Differential analysis - stjude/proteinpaint GitHub Wiki
The differential analysis app performs analyses tailored to each data type.
How this Plot Works
This plot dynamically selects and displays appropriate visualizations based on the data type being analyzed. Each analysis appears as a dedicated subplot, accessible via tabs along the header.
The plot is not available when:
- Its not supported by the dataset.
- The total number of samples for each group exceeds 4,000. If running gene expression analysis, the cutoff is 3,000 total samples.
- There are overlapping samples in the groups.
How to Launch
Create at least one group in the Groups tab of the mass UI. Then create a custom variable from the Create variable using... button. Click on the new button for the custom term will appear below. Click on the option Differential analysis from the pop-up menu. Note the case and control groups are indicated below the menu option.
Supported Analyses
Gene Expression
When performing differential gene expression analysis, both the volcano plot and gene set enrichment analysis plots are available. For more information, refer to the dedicated wiki pages for each plot.
DNA Methylation
Differential methylation analysis compares promoter-level M-values between case and control groups using limma. M-values are the logit transform of beta values (M = log2(beta / (1 - beta))) and are approximately normally distributed, making limma's linear modeling framework the statistically appropriate choice.
The analysis operates at the promoter level: each data point in the volcano plot represents an ENCODE cCRE promoter region, not an individual CpG probe. Promoters are annotated with gene name(s) where available.
Key details:
- Results are displayed in the volcano plot. Positive fold-change (log2) indicates hypermethylation in the case group.

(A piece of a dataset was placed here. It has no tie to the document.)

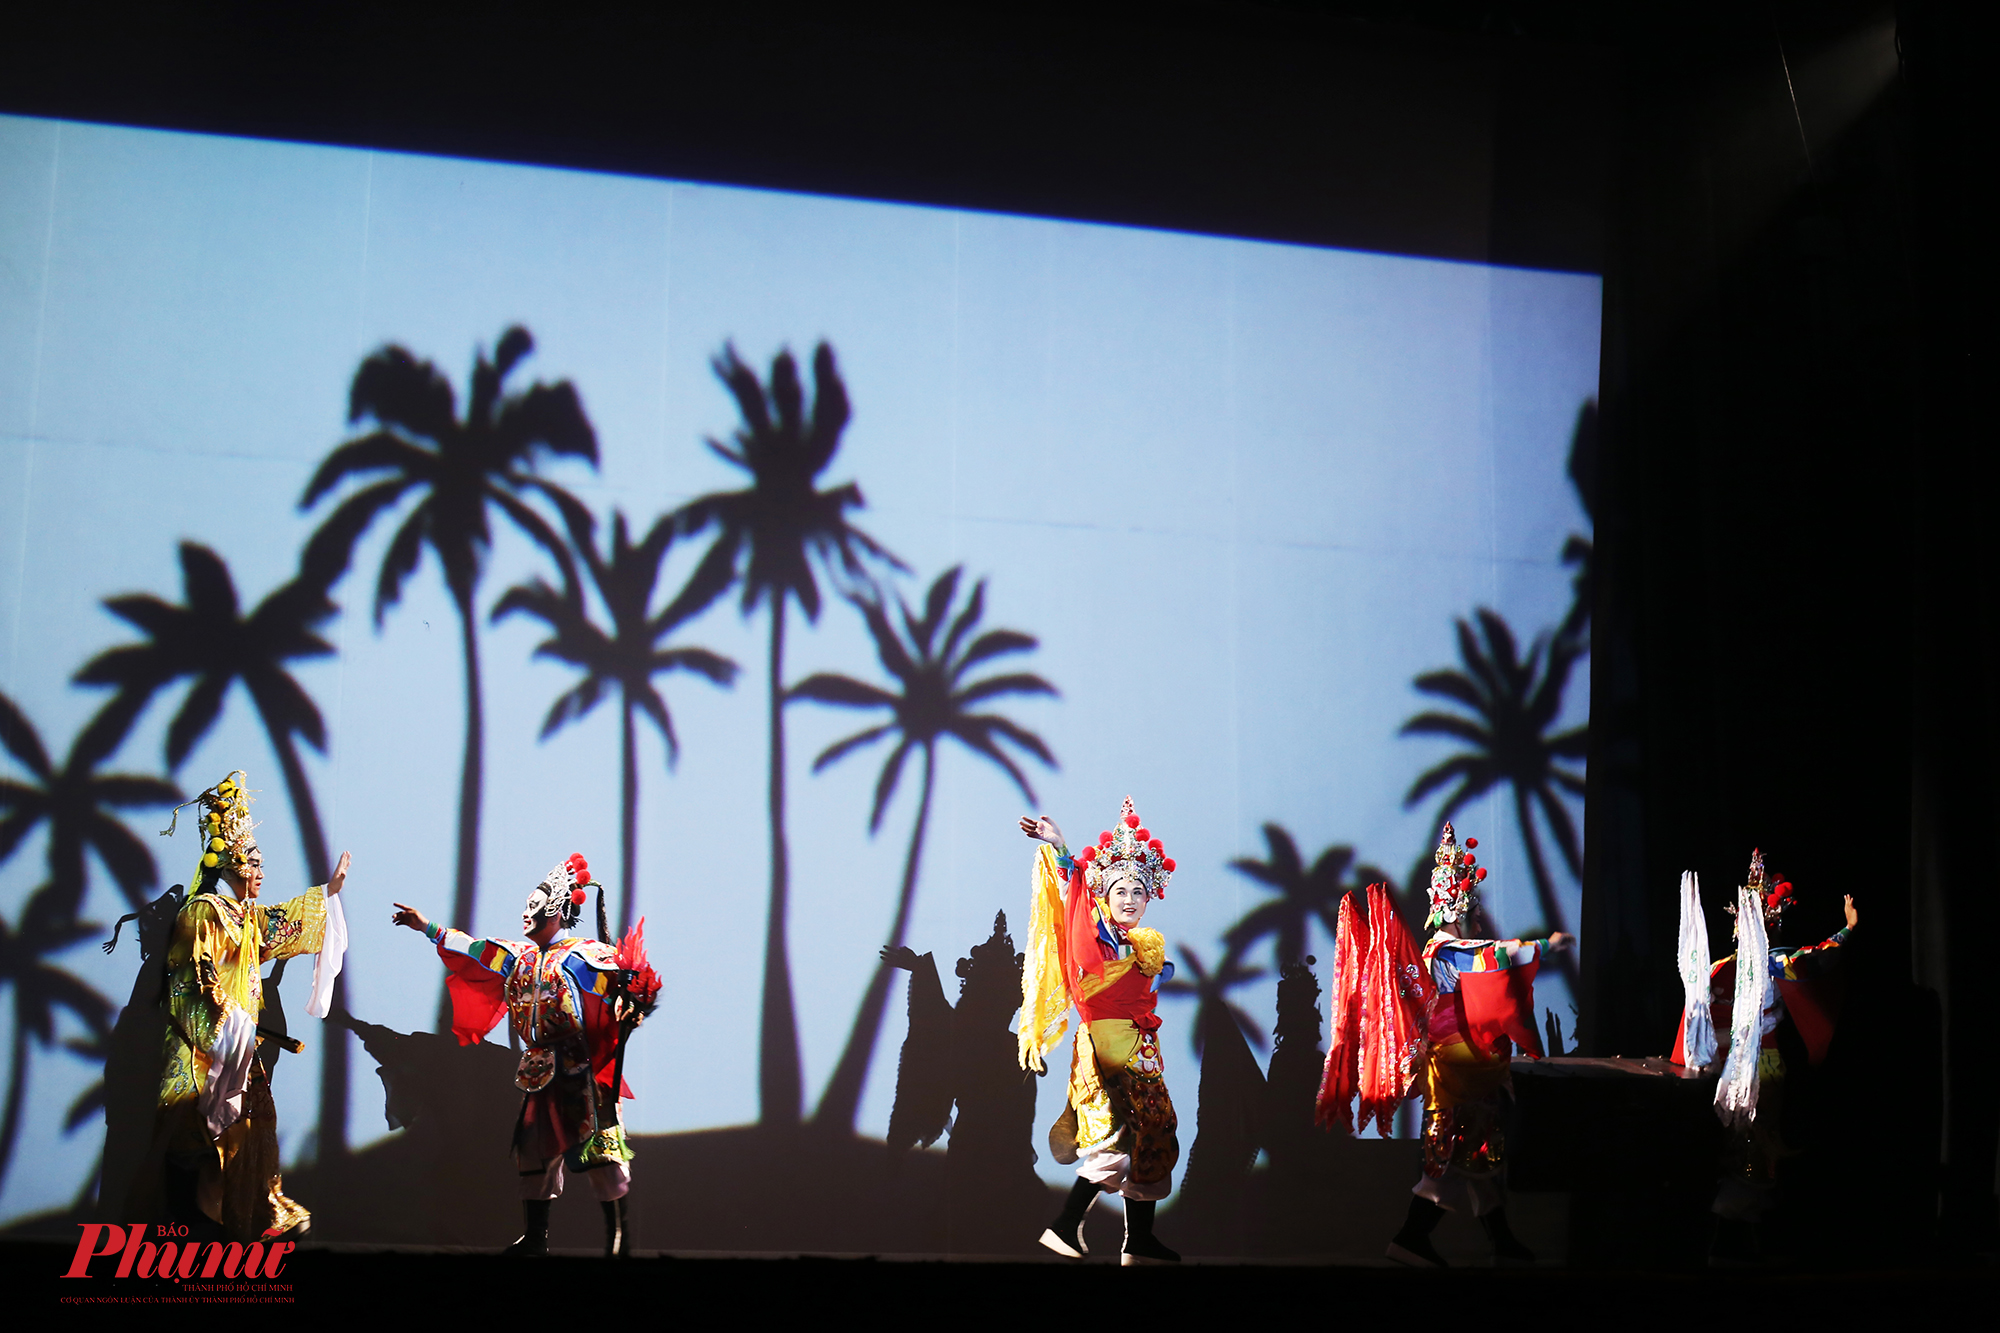 Hình ảnh lung linh, đầy màu sắc của nghệ sĩ hát bội trên sân khấu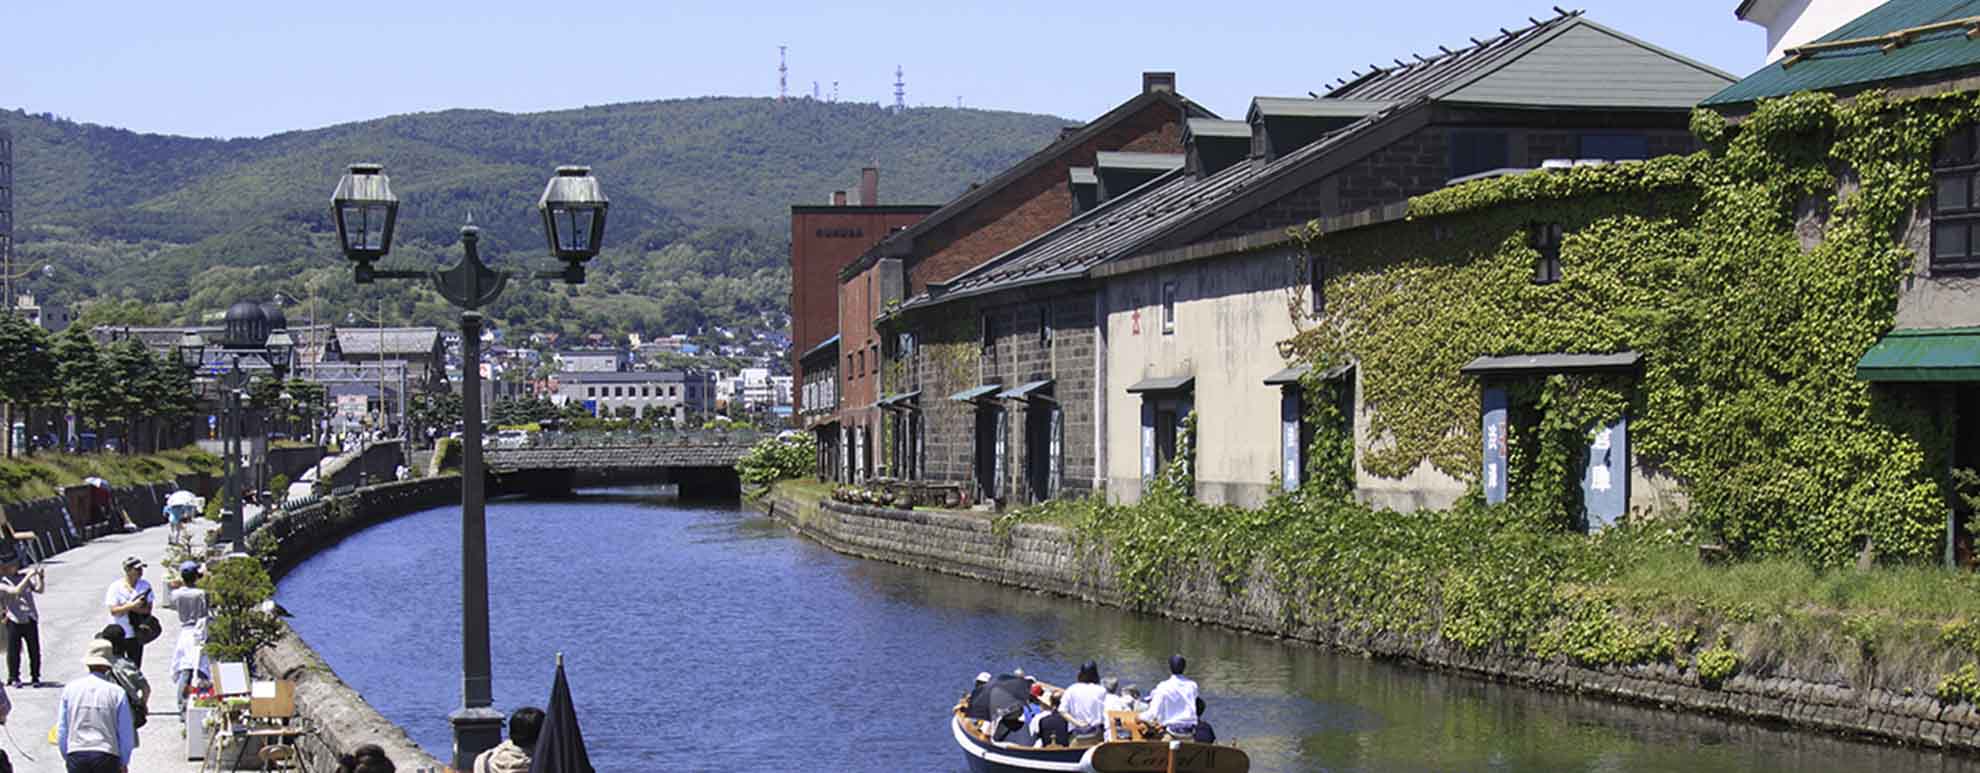 北海道小樽市・小樽観光の定番スポット小樽運河

- Promoters are filtered if either group has fewer than 3 non-NA samples (configurable via the
Min samples per groupsetting) or if the promoter has zero variance. - Promoters with any remaining NA values after filtering are dropped (NAs arise from different array types: 450K, EPIC, EPIC v2).
- Empirical Bayes moderation (eBayes) is applied to borrow strength across promoters for more stable variance estimates.
- P-values are adjusted using Benjamini-Hochberg FDR correction.
- Confounding variables (up to 2, continuous or discrete) are supported in the design matrix.
- Clicking a data point does not launch a box plot (unlike gene expression).
The volcano plot p-value table shows separate Promoter and Gene(s) columns for DNA methylation, reflecting the promoter-level nature of the analysis.